I am professionally involved with dogs and their people for almost 20 years and
- Attended seminars, workshops and lectures with internationally acclaimed behaviorists and dog experts, including: Dr. Patricia McConnell, Turid Rugaas, Suzanne Clothier, Steve White, Dr. Jesus Rosales Ruiz and Kelly Snider, and a: By Invitation Only For Professional Dog Trainers Exclusive Day with Dr. Sophia Yin
- Spent more than 1000 hours volunteering for several humans societies and rescue groups
- Had a number of foster dogs fully integrated into our family
- Designed and taught group obedience, puppy and reactive dog classes
- Specialize since 2007 in private consultations and dog behaviour - and it's the people and dogs I've been working with that taught me the most
- Literary and DVD learning is ongoing. I am current on the latest research
My Method: Motivational, positive reinforcement using treats, but also functional rewards. Emphasis is on making the dog feel safe and providing the platform for him/her to learn desired behaviours. You don't have to use a clicker.

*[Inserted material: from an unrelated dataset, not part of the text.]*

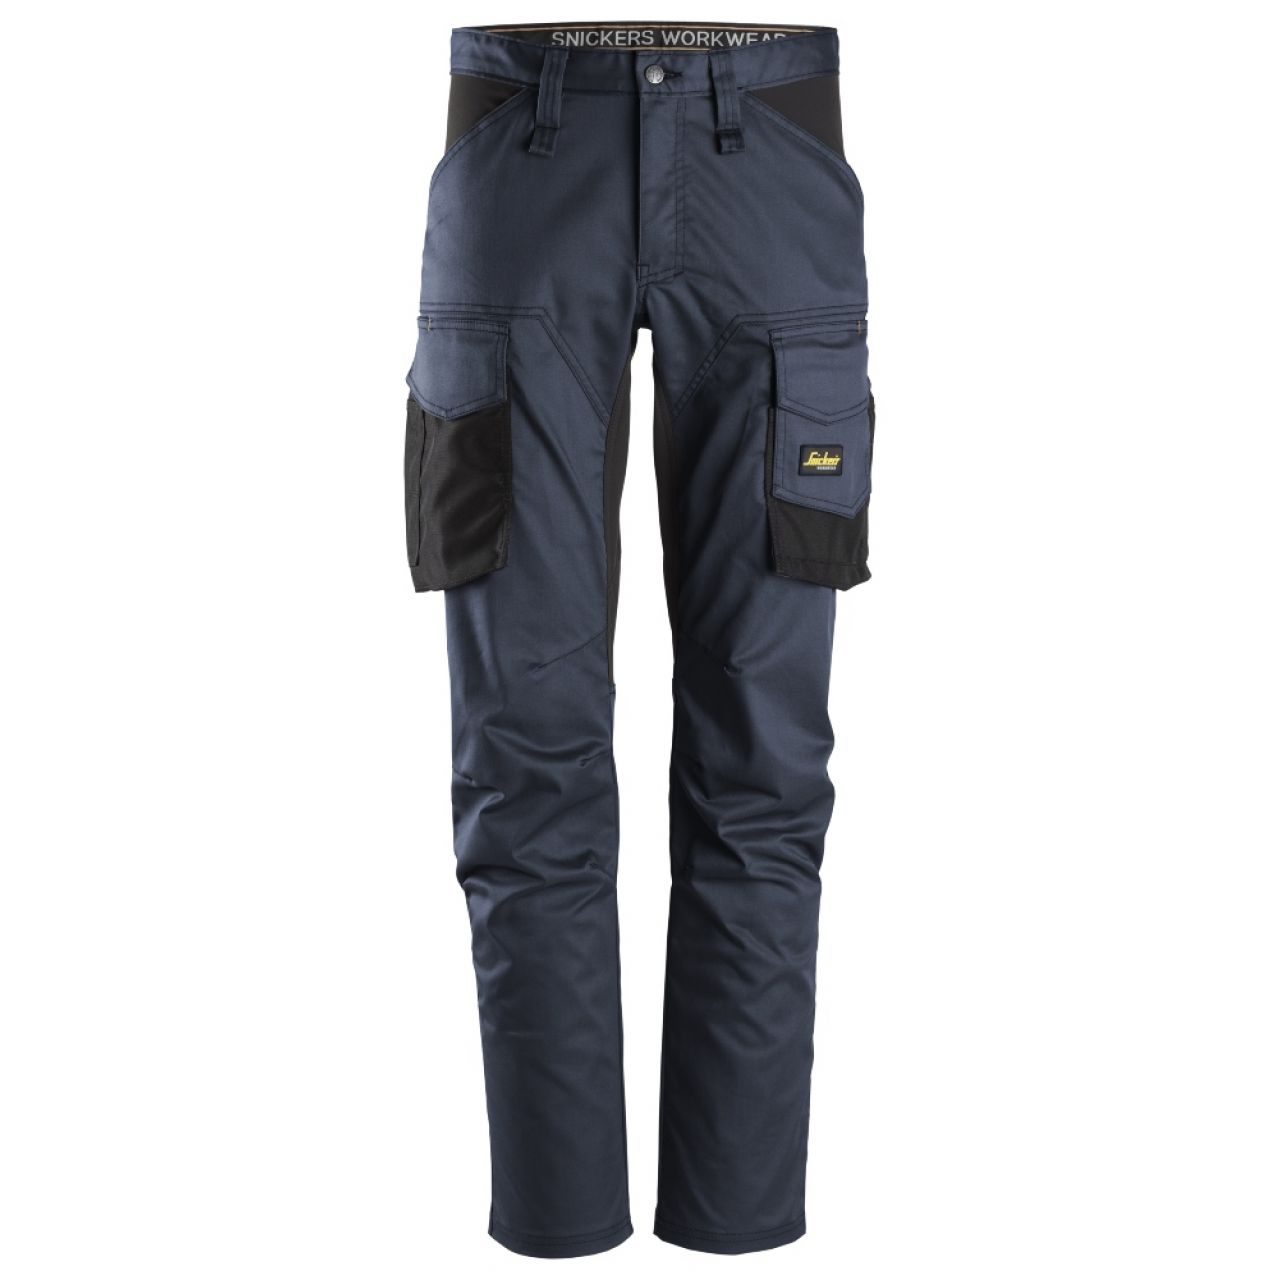 6803 Pantalones largos de trabajo elásticos sin bolsillos para las rodilleras AllroundWork azul marino-negro talla 250

I do not use aversive tools like a choke, prong or shock collar, or a nose harness. Why? Because behavioural problems manifest when:
A dog feels threatened (whether he is, is irrelevant - how he feels is what dictates behaviour)

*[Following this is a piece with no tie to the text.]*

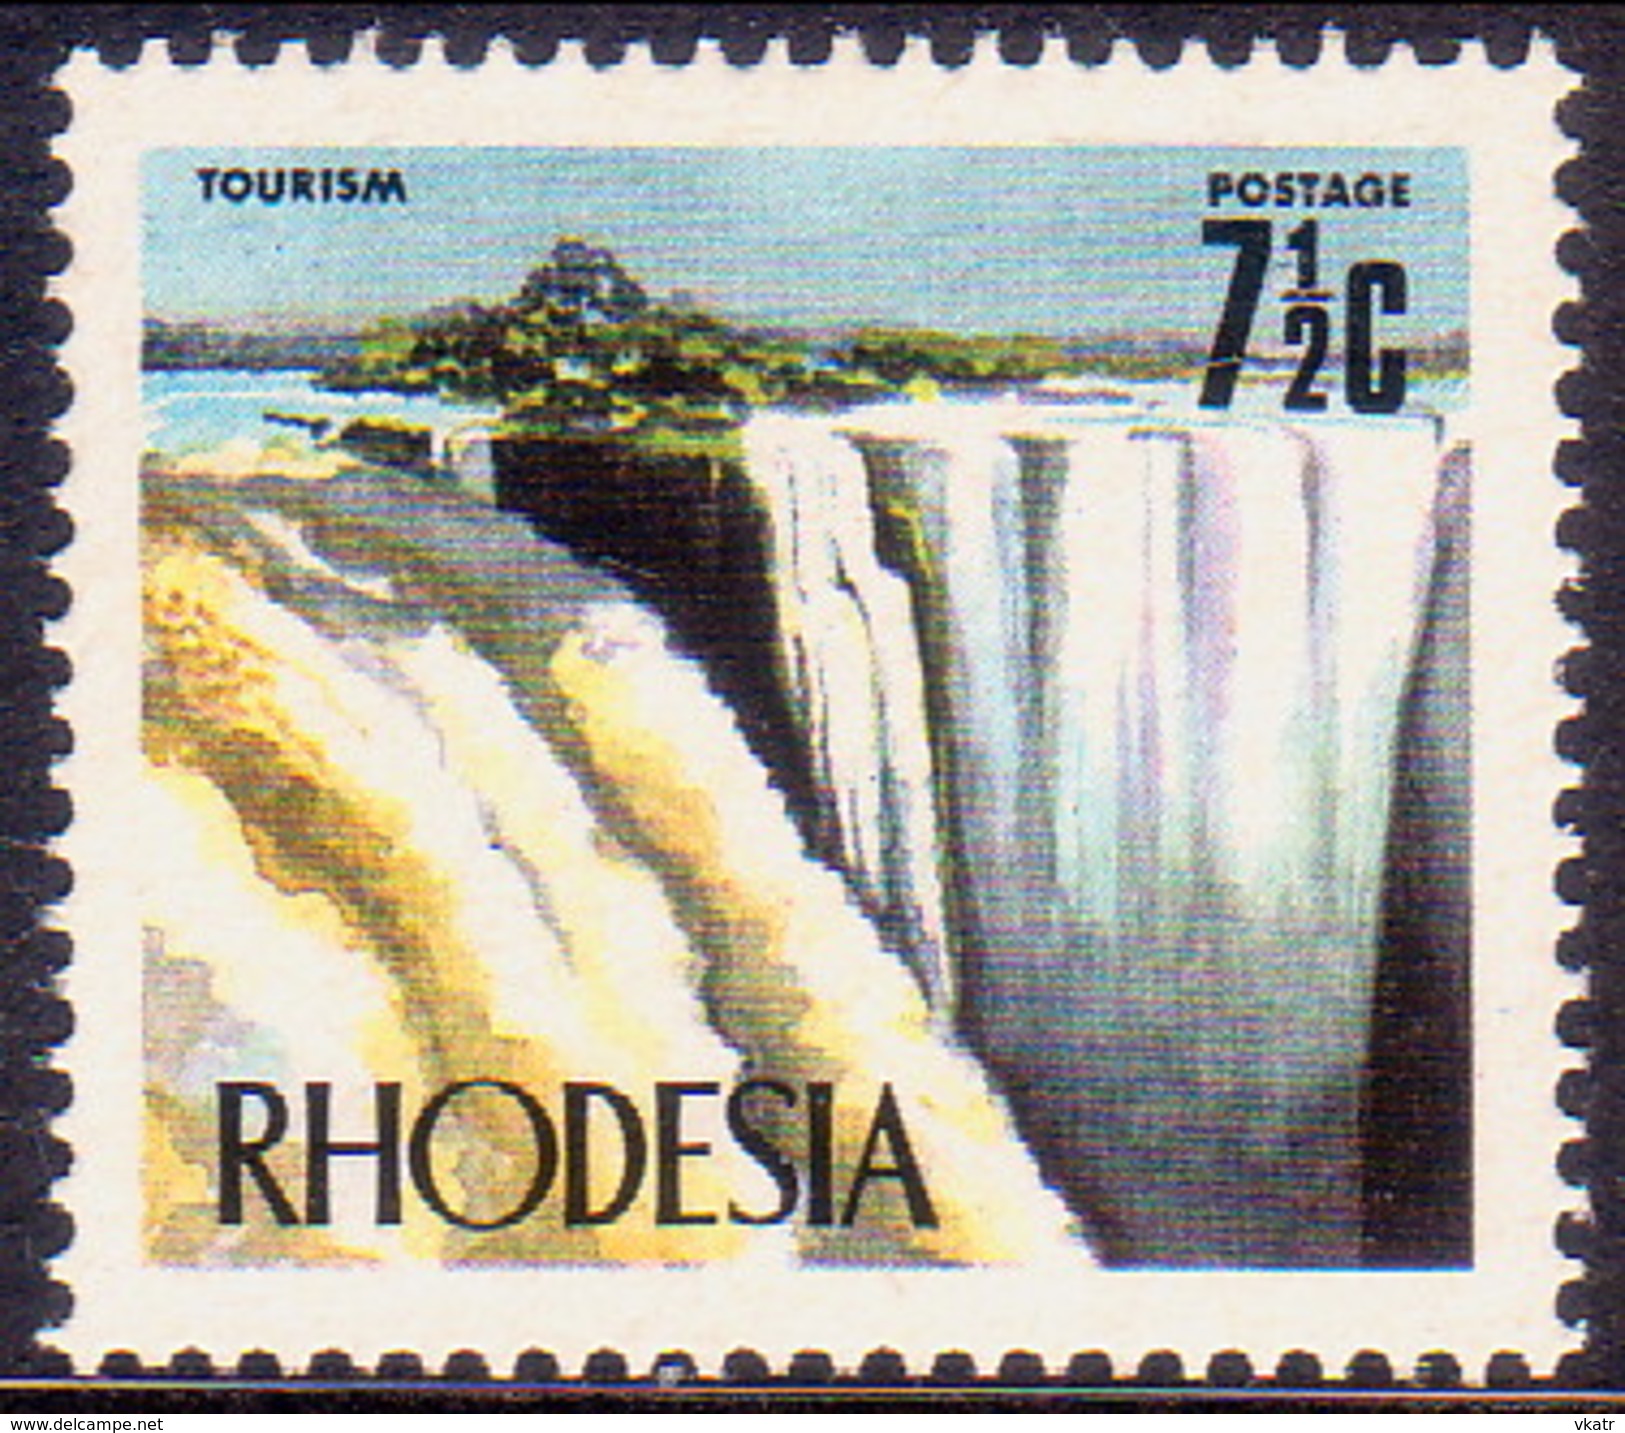 RHODESIA 1973 SG #443c 7½c MNH Victoria Falls - Rhodesia (1964-1980)

When she is frustrated (the two levels up are anger and rage)
When overstimulated and over-the-top aroused
When physically not feeling well
Obviously, adding more distress by deliberately inflicting pain or discomfort, or threaten with it, is counterproductive on all accounts. Even if you quelled the unwanted expressions, the root problem still exits, or worsens. It is also against my ethical standard.

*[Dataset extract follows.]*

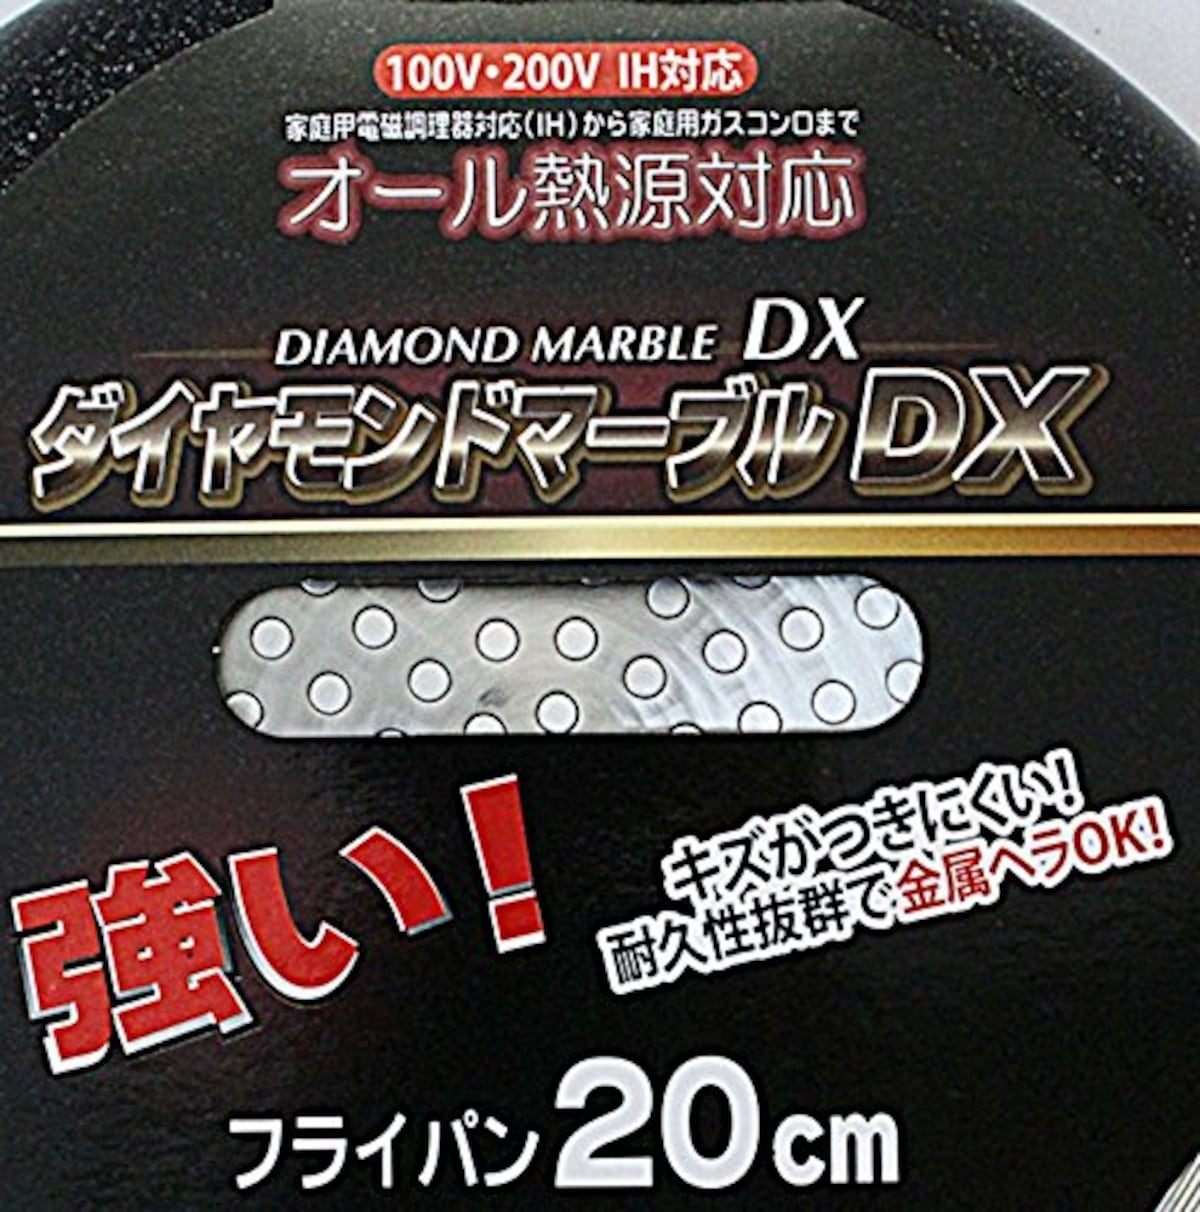  ナンセンジャパン フライパン ダイヤモンドマーブルDX 20cm IH対応 ブラック画像5

Veterinarian and Applied Animal Behaviorist Dr. Karen Overall writes: "The use of shock in the treatment of behavioral conditions is abusive, is doomed to fail, and will make situations less, not more, safe and reliable". She states that dogs that had been shocked to treat aggression are at an increased risk for euthanasia. (Manual of Clinical Behavioral Medicine - 2013 Edition - Page 113).